Monday, February 16, 2026

What's Your Light Secret?


I didn't understand the ending of this story, although I get the ongoing picture of the main themes. This is 'Light Secrets' by Joseph O'Neill, published in The New Yorker on January 18, 2026.

The narrator had been hearing about this 'nasty rumor' about his friend P., and invited the latter out to lunch to clear up the air. I thought that was a fine thing to do. We hear rumors and gossip all the time. If I hear something about a friend, I would ask her/him out to have a chat. The friendship is worth that much — some bit of trust, a bit of leeway before I make any judgments. 

In his forties, the narrator is also at a stressful point in his life in which he has gone through a divorce, and is unhappily back in the dating circuit, and also applying for jobs that include a background check, fingerprinting requirements and all. But he made time for P. whom he thought was a funny and thoughtful guy and he owed it to him to have a chat and not just believe in that 'nasty rumor'. 

P. says, “Everybody’s got something to hide. Everybody.” He wears his usual gloomy face. With no lessening of the gloom, he says, “But you know what else is true? Everybody’s done something good that’s hidden—the opposite of a dark secret.”

“A light secret,” I suggest.

“Precisely,” P. says.

“Like an anonymous donation?”

P. shrugs. “It could be a lot more interesting than that.”

“Can you give me an example? One of yours?”

“You want me to tell you a light secret? I can’t do that. It’s a secret.”

I would laugh except that P. isn’t joking. I say, “I’d tell you one of mine, but I can’t think of any.” I’m not joking, either.

“Everybody’s got a light secret. Everybody.”

Three weeks later, in a surprising turn of events, the narrator learnt that P. is dead at forty-seven years old. He was found dead in his apartment, and his family said he died of natural causes. At the funeral that was open to everyone who knew P., apparently only two non-family turned up. That included the narrator. Clearly the nasty rumor resulted in a loss of reputation and turned friends against P., whom the narrator thought to be a fairly decent person overall.

There's this mysterious Simon Morgan, who was the other friend at the funeral. P. had earlier mentioned him, but the narrator couldn't place him. Then Simon Morgan got in touch with the narrator and even mailed him a check. The narrator got the chills — he couldn't remember anything about him, couldn't find out anything online, not even when Simon Morgan said he had helped him out while he was a recovering addict. He refused to cash the two-hundred dollar check either.

It boils down to this: Simon Morgan is a self-described “addict.” As part of his recovery program, he has vowed to make amends for the harm he has caused others. To this end, he wants to remind me of the help I gave him back in the day, help that I offered with a pure heart, help that, until now, he has never acknowledged or thanked me for. Enclosed is a check for two hundred dollars, which is the amount I loaned him all those years ago and never requested repayment for.

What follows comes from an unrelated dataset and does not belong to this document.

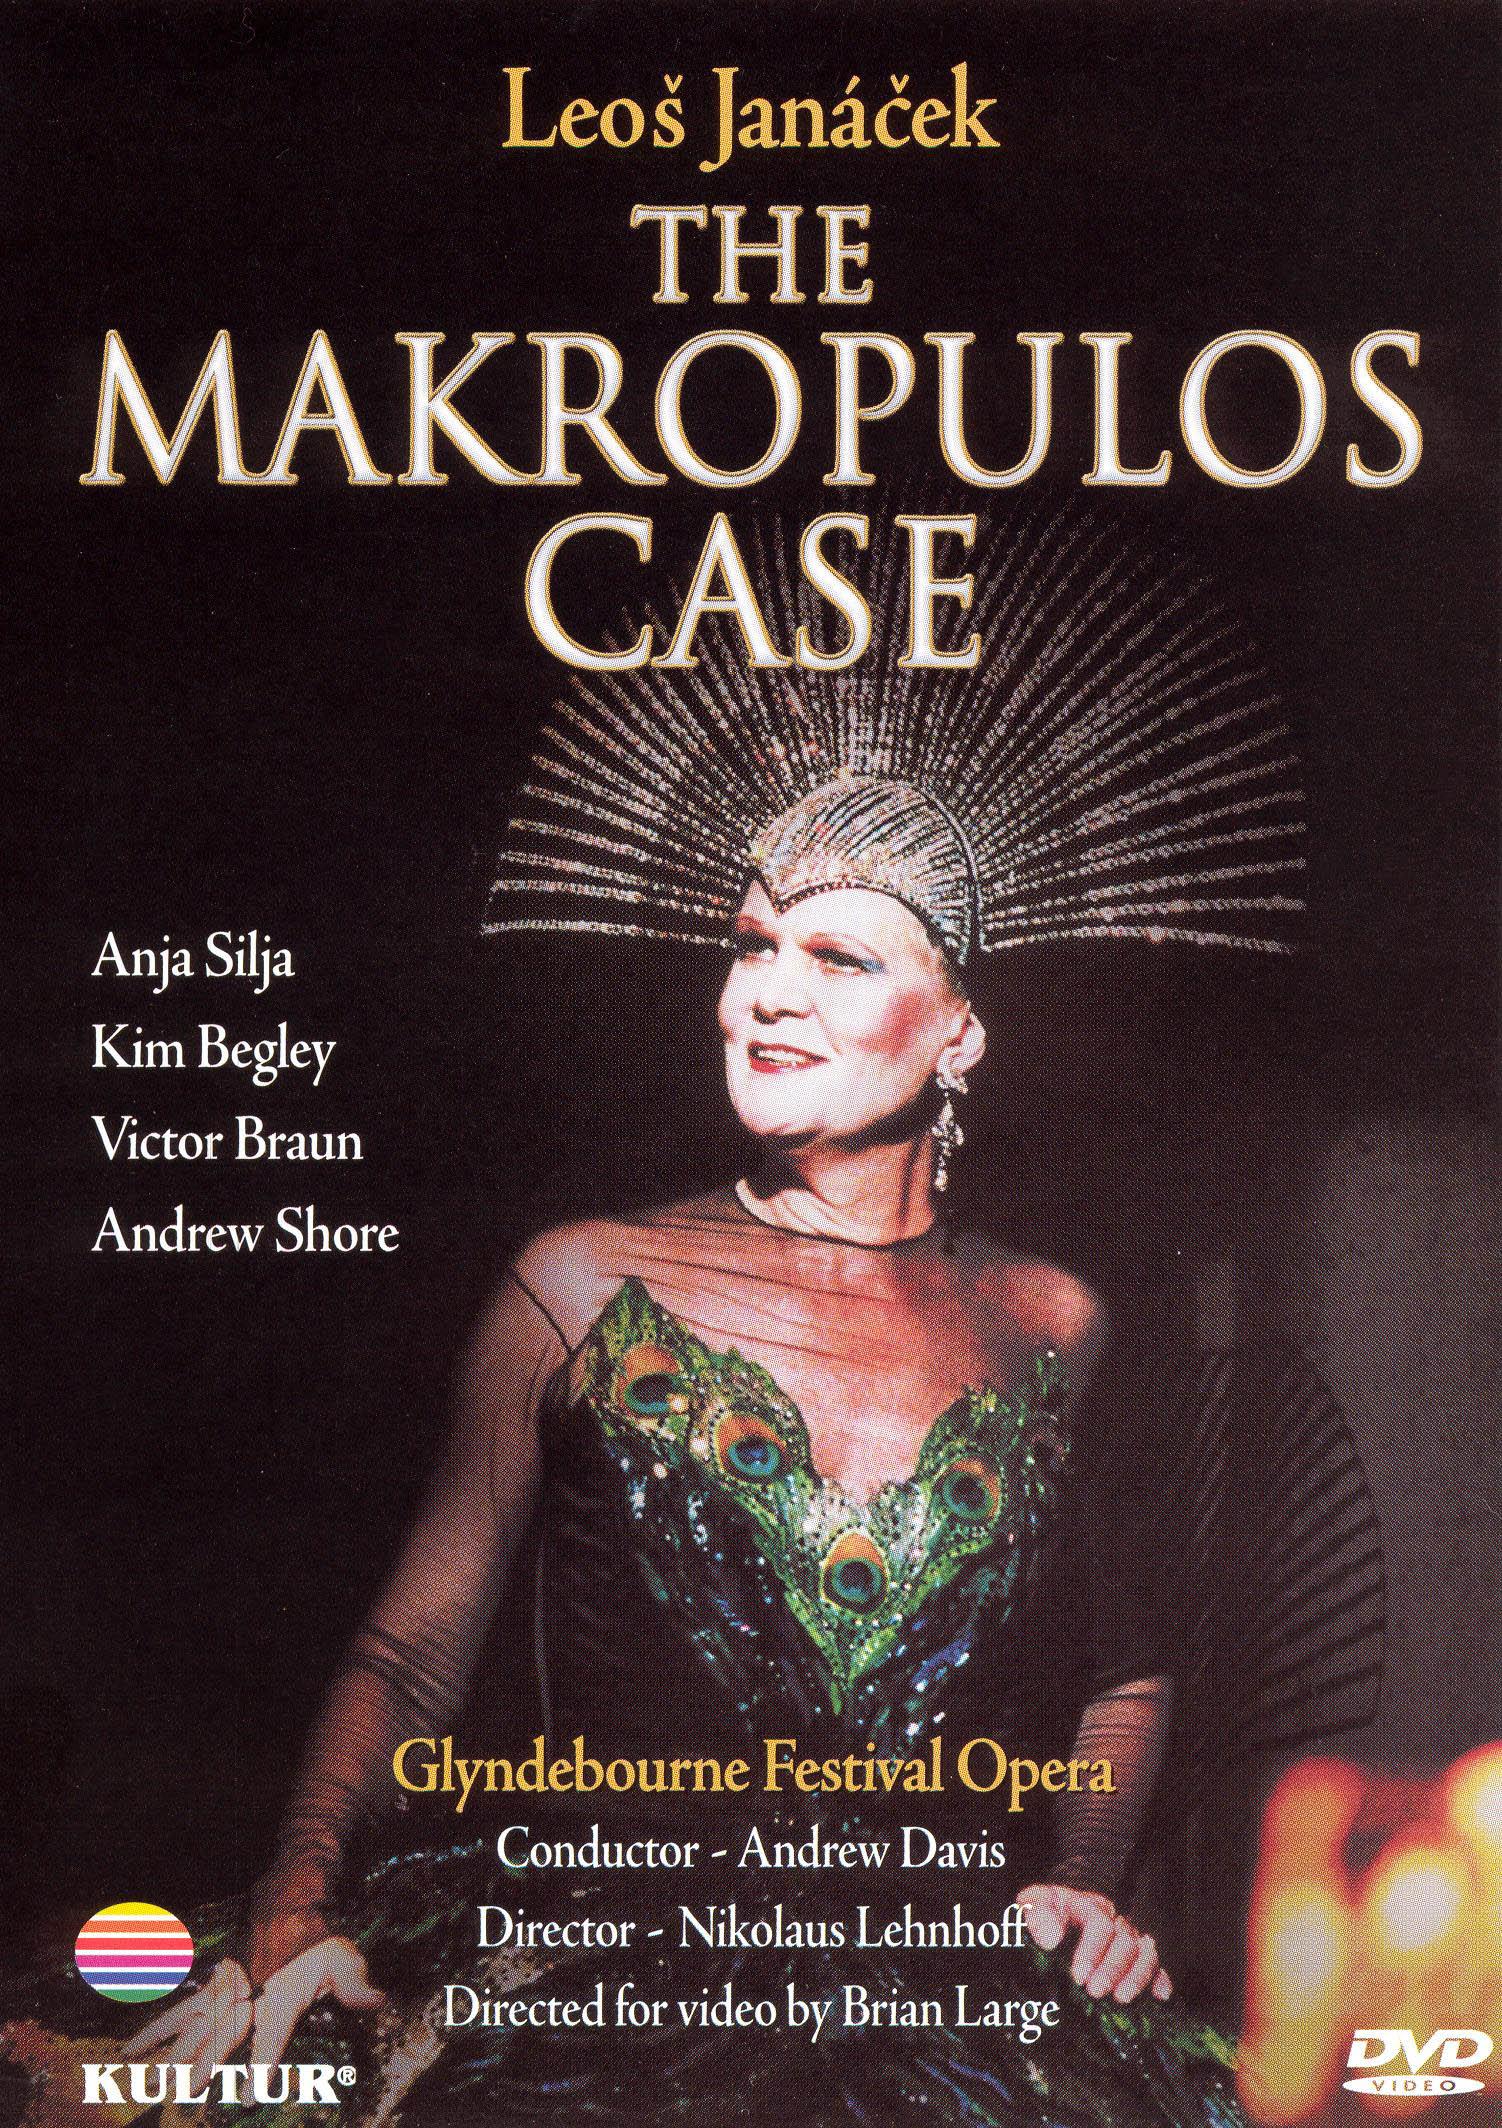 The Makropulos Case (Glyndebourne Festival Opera)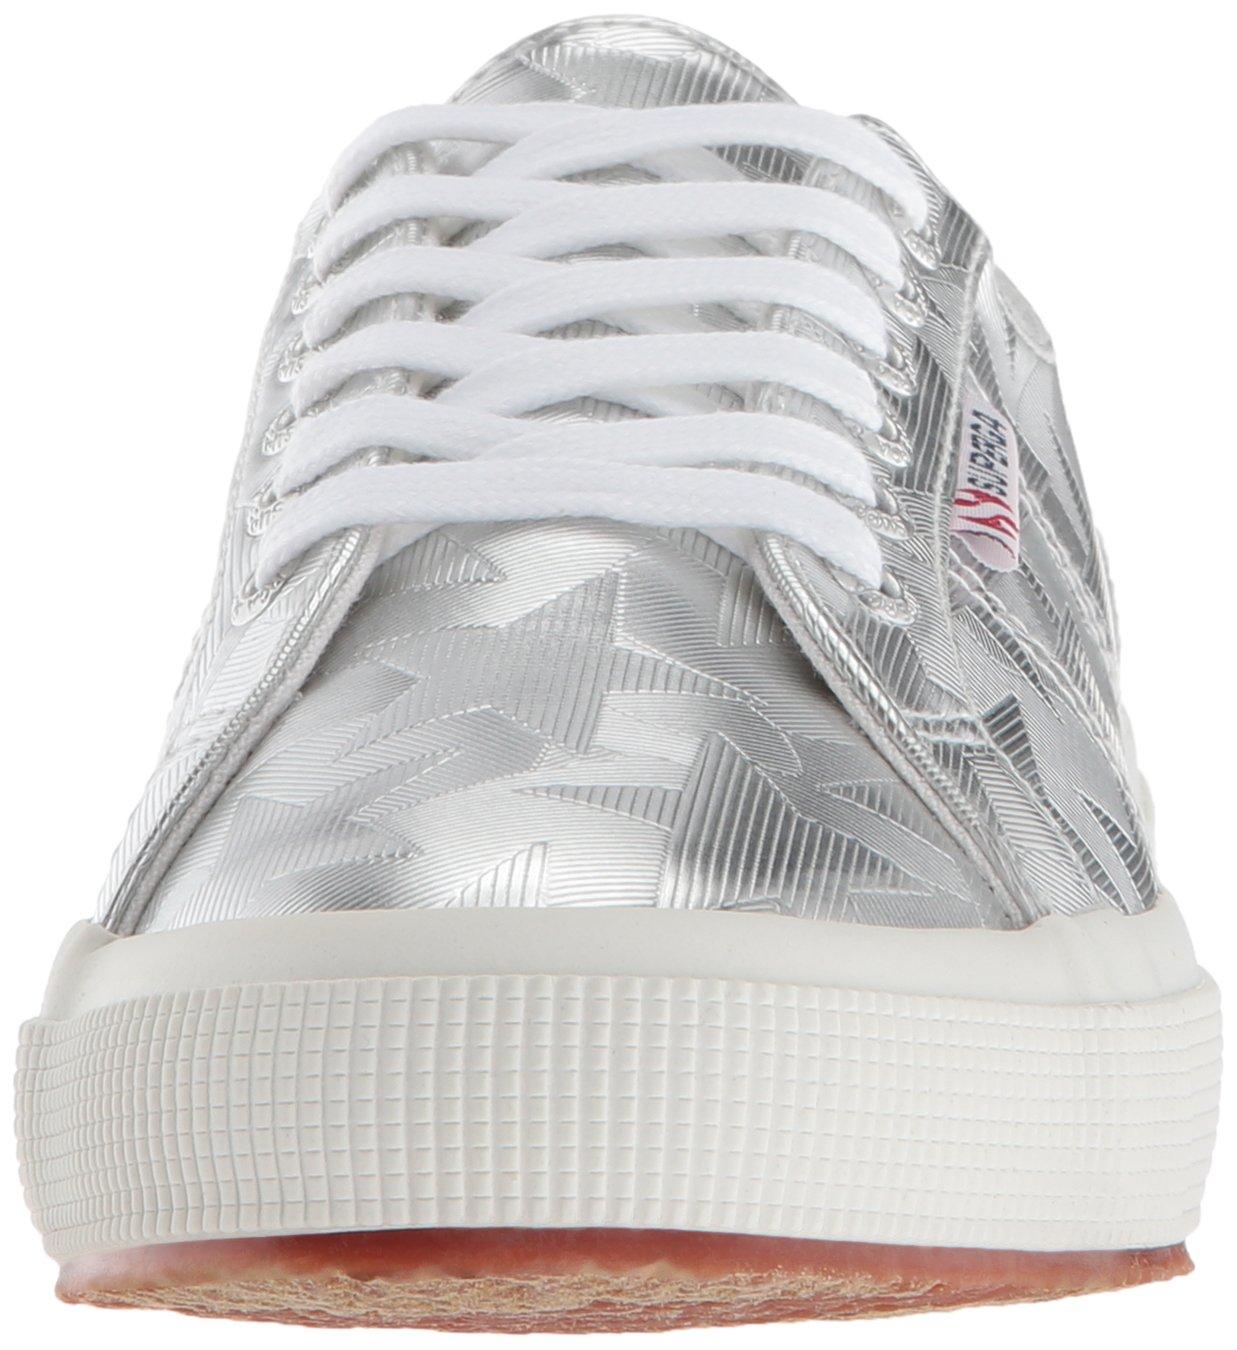 Superga B078KDT3SN Women's 2750 Starchromw Sneaker B078KDT3SN Superga 41 M US|Silver ab92dc

I don’t cash the check. How could I? I don’t remember him. When Sejal asks me whatever happened to Simon Morgan, I represent to her that I never heard from him again and that Simon Morgan, if that’s his name, must have got me mixed up with someone else.

The story never reveals what this nasty rumor is, and it's a tad exasperating for me, as a nosy reader. I suppose it's not particularly important to know, but who doesn't love a good piece of gossip? 

The ending was completely befuddling. In an interview with the same journal, the author explained why he chose to withhold this information from the readers. The point about leaving readers "slightly in the dark"....... Well, yeah, me. I mean, what..... There're so many scenarios and possibilities. Is this light secret about P. dealing in drugs? If Simon Morgan and his check is the clue to the secret that P. was keeping, then thanks, it's more confusing than ever. 

The story never reveals the nasty rumor about P., and this is just one of several bits of withheld information in the story. Disclosure, or its lack, both shapes the story and is the subject of this story. Were you worried that too much might be withheld?

I gave some thought to what P. might have done, turning over in my mind the various nasty stories that all of us hear, but, in the end, I worried that to reveal the nature of P.’s misdeed would undermine the logic of the story. It’s more damaging, I think, to provide an overly disclosive or illuminating detail than to leave the reader slightly in the dark, as in life. Speaking for myself, I dislike the feeling that I’ve got to the bottom of a story and fully lit up its depths. A short story, like a poem, should always retain an element of mystery.